Richardson instead continued his playing career in Europe, earning several major accomplishments in Croatia, France, and Italy. He would play until he was 47 years old, taking his traditional place on the assists and steal leaderboards in the major European leagues. Domestically, Richardson played the first seasons after his ban with the Long Island Knights and Albany Patroons of the United States Basketball League and Continental Basketball Association respectively, winning a professional championship with the latter in 1988.

Once his playing career ended, Richardson returned to the CBA to coach the same Patroons for three seasons. He later moved onto the same league’s Oklahoma/Lawton-Fort Sill Cavalry and won back-to-back championships in 2008-09. Following the CBA’s folding, two more championships awaited Richardson up north, as he guided the London Lightning to the wins in the National Basketball League of Canada in 2012-13. For his efforts, Richardson was named the NBL’s Coach of the Year for those tours.

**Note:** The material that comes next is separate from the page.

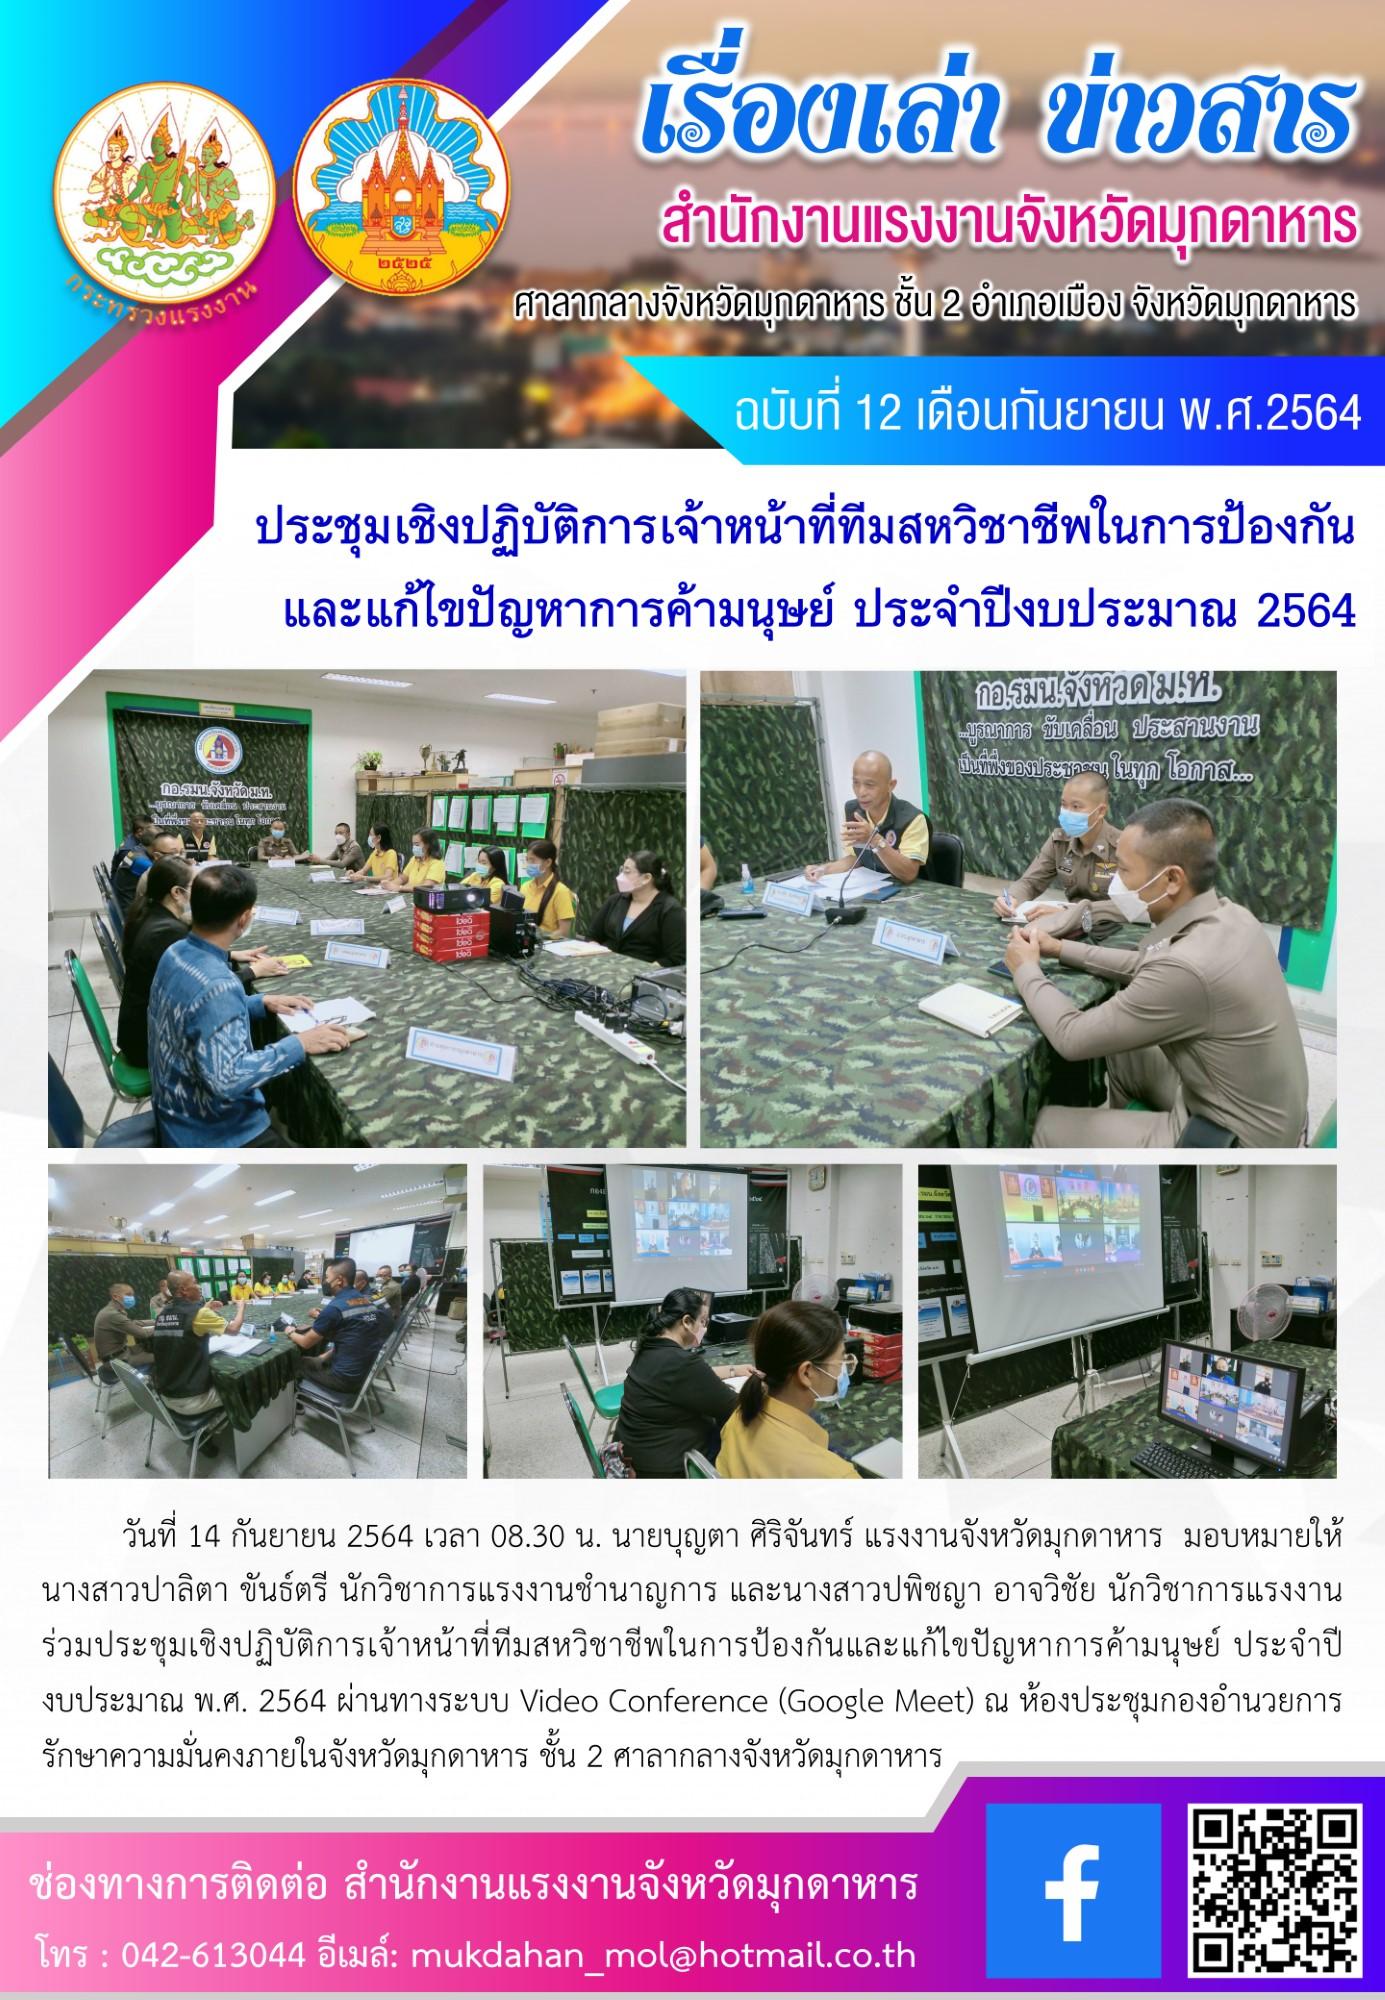 ประชุมเชิงปฏิบัติการเจ้าหน้าที่ทีมสหวิชาชีพในการป้องกันและแก้ไขปัญหาการค้ามนุษย์ ประจำปีงบประมาณ 2564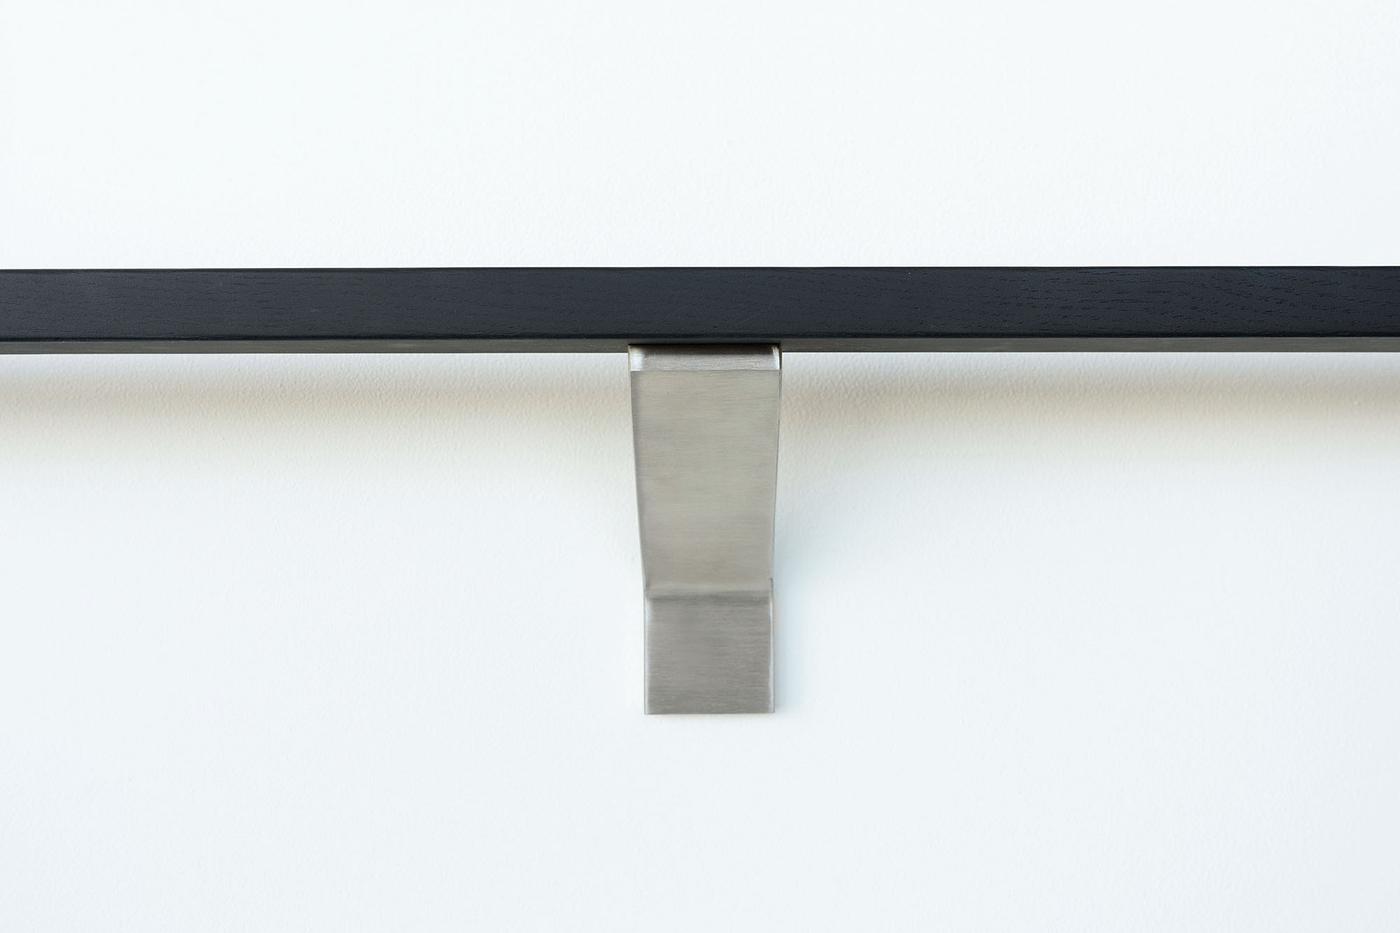 Modern-brushed stainless-handrail-bracket

Richardson had been stationed in Oklahoma for about the final decade of his life and frequented Oklahoma City Thunder games. Last year, Richardson teamed up with author Jake Uitti to pen “Banned: How I Squandered an All-Star NBA Career Before Finding My Redemption,” a memoir reflecting on his career on and off the floor. Introducing the book to BIL, Richardson stated that he had been sober for nearly 40 years at the time of its publishing. 

“I wanted to set the record straight, and I always wanted to tell my side of the story, of what really happened to me,” Richardson said on why now was the best time to tell his story. “As a basketball fan, I’d like to think that the thing people can take out of it is that no matter what you go through in life, there are going to be some ups and downs, but there is an end of the road if you do the right thing.”

Richardson is survived by his wife Kimberly and his children Tasha, Corey, Tamara, Kim, and Micheal Jr.